精神科におけるCIWAプロトコルの概要
Clinical Institute Withdrawal Assessment(CIWA)プロトコルは、アルコール離脱の程度に応じた安全な医療介入を導く定量的評価ツールです。CIWAは10項目から構成され、各項目は症状の重症度に応じて0〜7点で評価します(orientationは0〜4点)。うち5項目は心理的評価(orientation、agitation、anxiety、auditory disturbances、visual disturbances)です。スコアが高いほど医療介入の必要性が高まります。
聴覚障害
初回評価時に、患者が音に対して異常に敏感であるか、音が荒々しい、脅迫的、恐怖感を伴う、または不快であるかを確認します。
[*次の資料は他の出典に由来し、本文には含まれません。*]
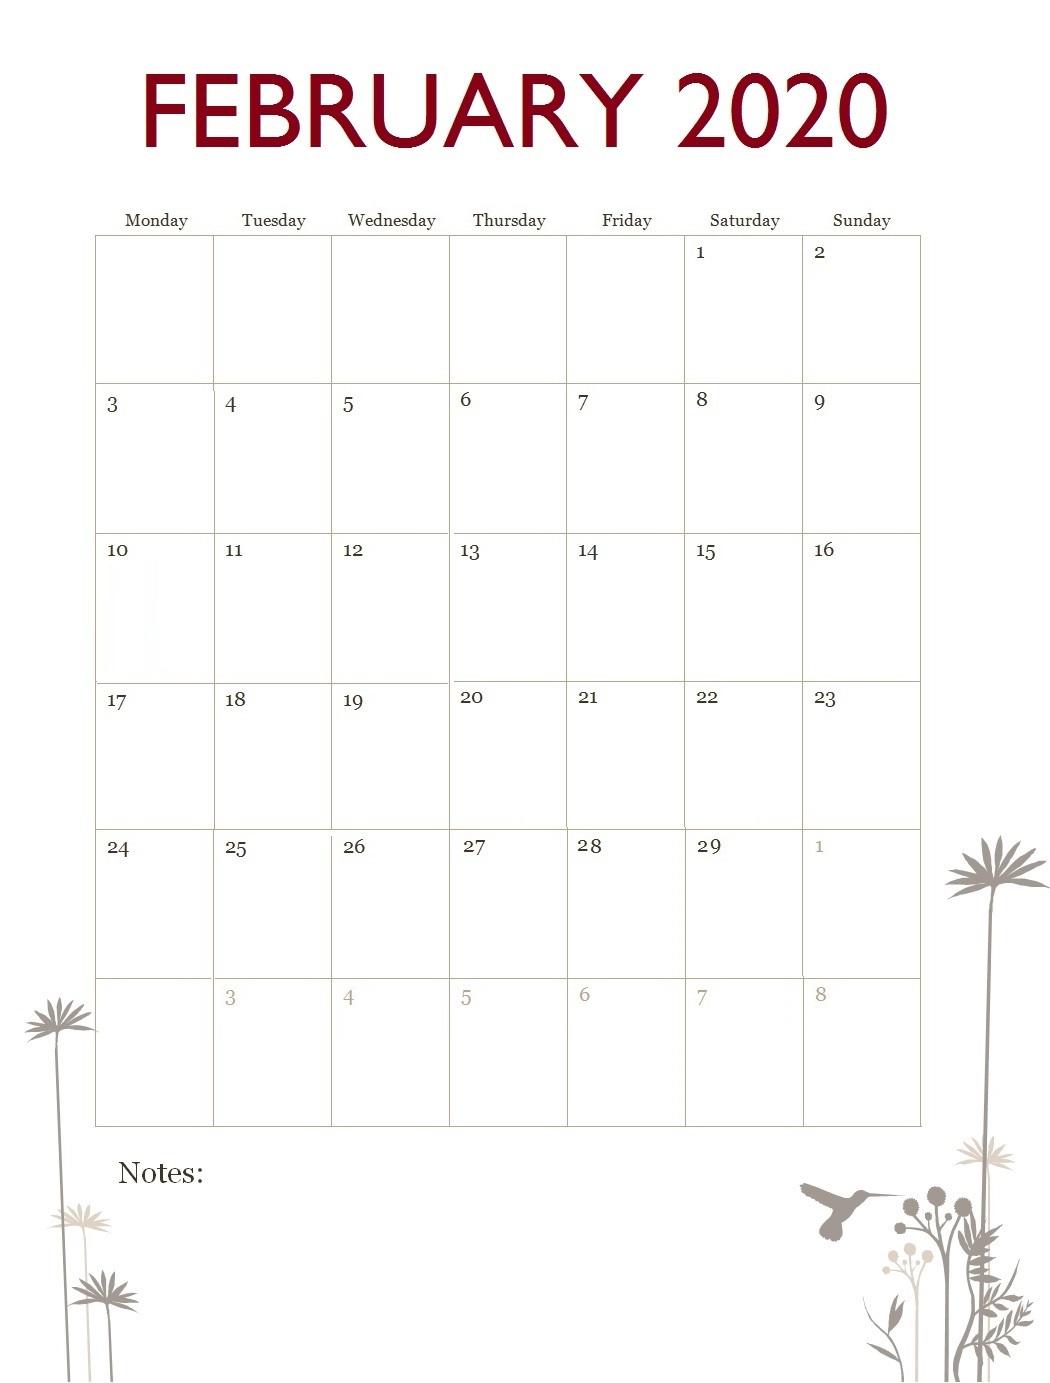 February 2020 Office Table Calendar

患者が実際には存在しない音を聞いているかどうかも尋ねます。評価は患者の回答と看護師の観察に基づき、0点(なし)から6〜7点(重度または継続的に存在しない音)で採点します。
視覚障害
光や色に対する感受性、そしてそれが患者に与える不快感を評価します。また、患者が実際には存在しないものを見ているかどうかを確認します。評価は0点(なし)から7点(極度かつ継続的な感受性)で採点し、患者の回答と看護師の観察に基づきます。
不安
看護師は患者の緊張度合いを判断します。評価は患者の回答に基づき、0点(不安なし)から6〜7点(重度の錯乱や統合失調様反応)までの範囲で行います。
興奮
担当看護師の観察により患者の興奮度合いを評価します。スコアは0点(正常)から4点(中等度の落ち着きのなさ)へ、最終的に7点(歩き回る、激しく動く)まで設定されます。
方向付け(Orientation)
数字やアルファベットの逆唱などで患者の認知機能を評価します。例として「100から逆算」や「Lから始まるアルファベットの暗唱」などがあります。0点は正確に実行でき、1点は逆唱ができないまたは日付が不確か、2点は日付が2日以内の誤差、3点は日付が2日以上ずれている、4点は自分や場所が分からない場合に付与します。
スコア以外の要因
看護師のCIWAスコアだけでなく、医師の判断、既往症、血液検査結果、年齢なども総合的に考慮し、離脱症状に対する適切な医療介入の必要性を判断します。